Using concat() to find problems
You may knock MySQL for having inadequate collation support, but it has outstanding support for querying data in various ways. For one thing, “collate” can be supplied to various parts of a query. I like to use concat for these cases for reasons which will become clear later, but here’s a query that works well to find all the collisions in our sample table:
select count(1) as cnt, group_concat(id), concat(singlechar collate utf8mb4_unicode_ci) as unk from utf8_test group by unk having cnt > 1;
Notice that inside the concat() we are adding collate utf8mb4_unicode_520_ci. This seeks to emulate what MySQL is doing when trying to alter table (supplying a new table collation), but giving us all the information ahead of time.
| cnt | group_concat(id) | unk |
| 2 | 642,8804 | ΄ |
| 2 | 1242,20448 | ΅ |
| 2 | 194,11764 | ; |
| 2 | 16145,29152 | · |
| 2 | 114105,33 | ︵ |
| 2 | 63,186608 | } |
| 2 | 4963,44554 | ʹ |
| 2 | 84,87616 | > |
| 4 | 120845,292,2759,38412 | ୦ |
| 4 | 2,21162,25295,47504 | 1 |
| 5 | 46179,81143,231,7766,36158 | ² |
| 4 | 66,2339,19777,26796 | 3 |
| 5 | 102802,158554,150,16224,21282 | ፬ |
| 3 | 35,14643,19433 | 5 |
| 3 | 107,377,9234 | 6 |
| 4 | 12,585,12643,28853 | ٧ |
| 3 | 60,12070,25619 | 8 |
| 3 | 17,70,27677 | ٩ |
| 3 | 32,4370,12498 | A |
Looking at one of these by itself:
mysql> select * from utf8_test where id in (102802,158554,150,16224,21282);
| id | singlechar |
| 150 | 4 |
| 16224 | ٤ |
| 21282 | ۴ |
| 102802 | ፬ |
| 158554 | ៤ |
5 rows in set (0.00 sec)
All of the above characters are resolving to the one with ID 102802.

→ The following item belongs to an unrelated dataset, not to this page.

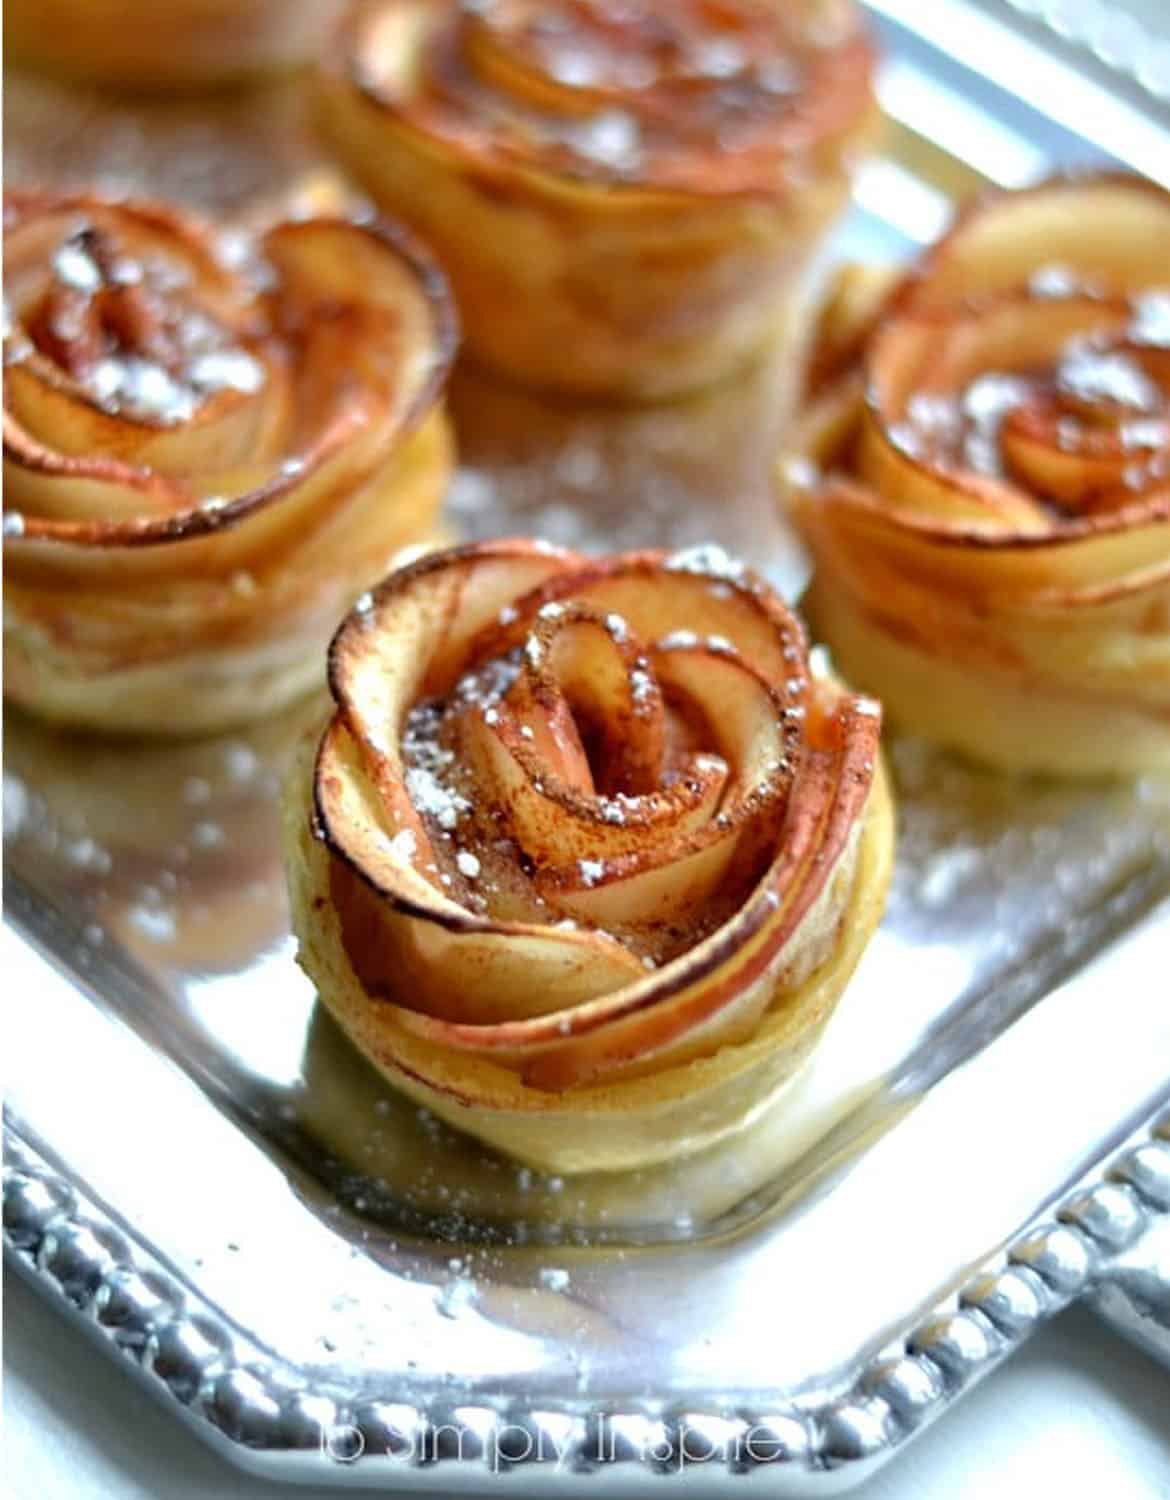 Apple rose puffed pastries on a silver tray - To Simply Inspire
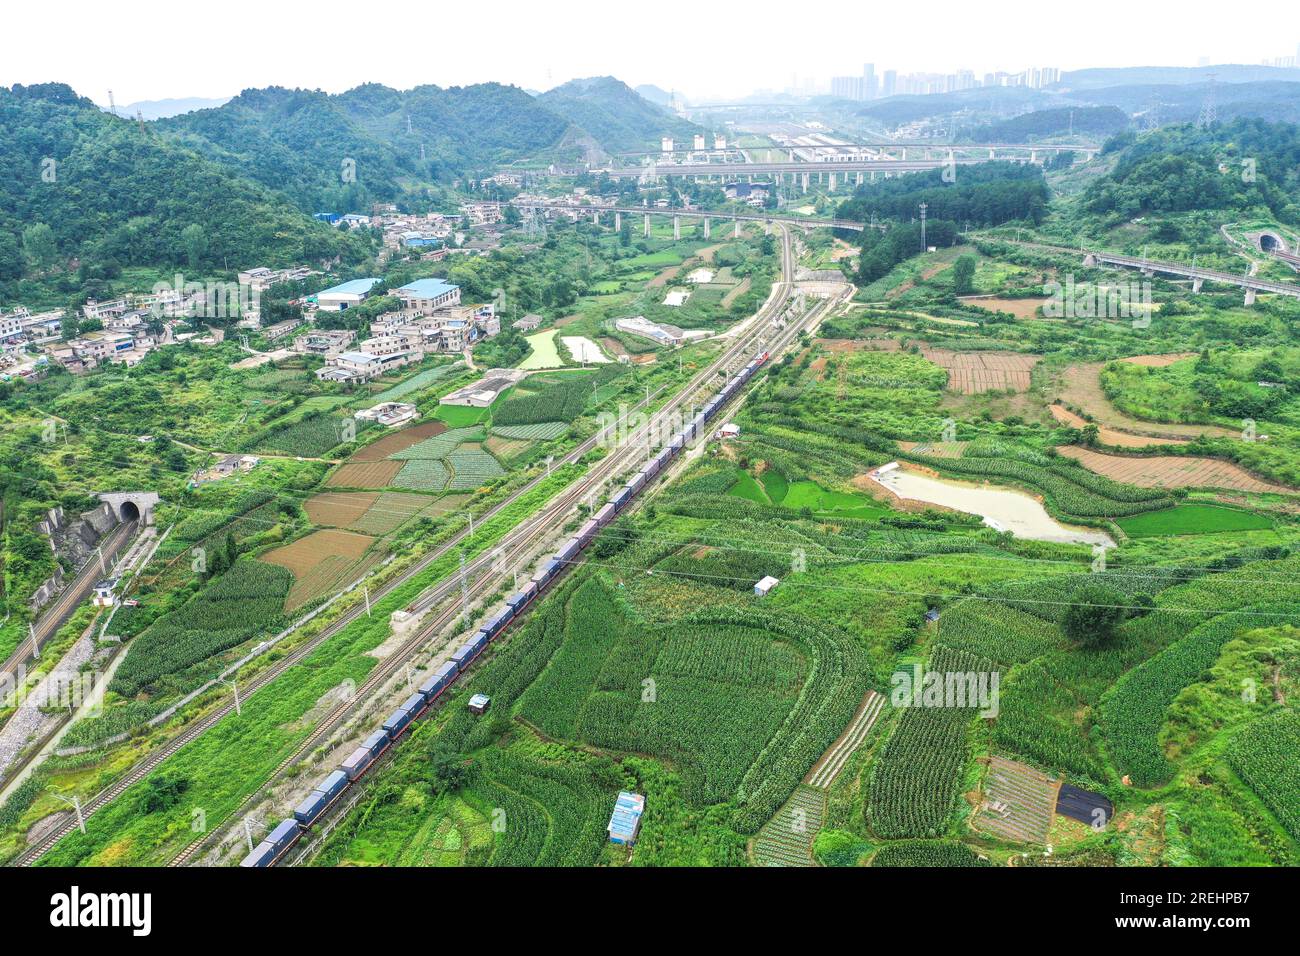 (230728) -- GUIYANG, July 28, 2023 (Xinhua) -- This aerial photo taken on July 28, 2023 shows the first direct China-Central Asia freight train from Dulaying international land-sea logistics port leaving Dulaying Station in Guiyang, southwest China's Guizhou Province. A cargo train left Dulaying international land-sea logistics port on Friday for Almaty of Kazakhstan, marking the launch of the first direct China-Central Asia rail-road intermodal freight train service from Guiyang. About 1,300 tonnes of agricultural products will be transported from Kazakhstan to Guiyang on the return journe Stock Photo

In my current working environment, we decided to continue to use utf8mb4_general_ci collation, because we were unable to determine (in all cases) whether the duplicates in our data set were simply “character-case” related or whether we would actually experience data loss.
In the future, we expect to be able to “trust” the new collations in mysql 8 to be correct.
We went the extra mile to create a utility based on the following query. The utility finds possible unique key violations using queries like the one I used above.
information_schema is your friend:
case when group_concat(c.DATA_TYPE) like '%char%' then 1 else 0 end as contains_char
on tc.CONSTRAINT_SCHEMA = kc.CONSTRAINT_SCHEMA
and tc.CONSTRAINT_NAME = kc.CONSTRAINT_NAME
and tc.TABLE_NAME = kc.TABLE_NAME
on kc.CONSTRAINT_SCHEMA = c.TABLE_SCHEMA
and kc.TABLE_NAME = c.TABLE_NAME
and kc.COLUMN_NAME = c.COLUMN_NAME
tc.CONSTRAINT_SCHEMA = 'your_schema'
and tc.CONSTRAINT_TYPE = 'UNIQUE'
Using the query above and iterating through its results you can build similar SQL statements to the one we used in our test scenario above to discover duplicates, supplying the “collate” in “concat” functions to the char columns. concat() is a great fit, because it allows you to do the same query (
select count(1) as cnt, group_concat(id), concat(col1,'-',col2 collate <test collation>,'-'......) as unk from utf8_test group by unk having cnt > 1;
) for a unique constraint having varying numbers of columns. An additional query to information schema in the loop is required to find which column has the char type.
You can then use the group concatenated IDs in the results to choose “winners and losers”, find dependent rows and update them, delete the losing rows, etc.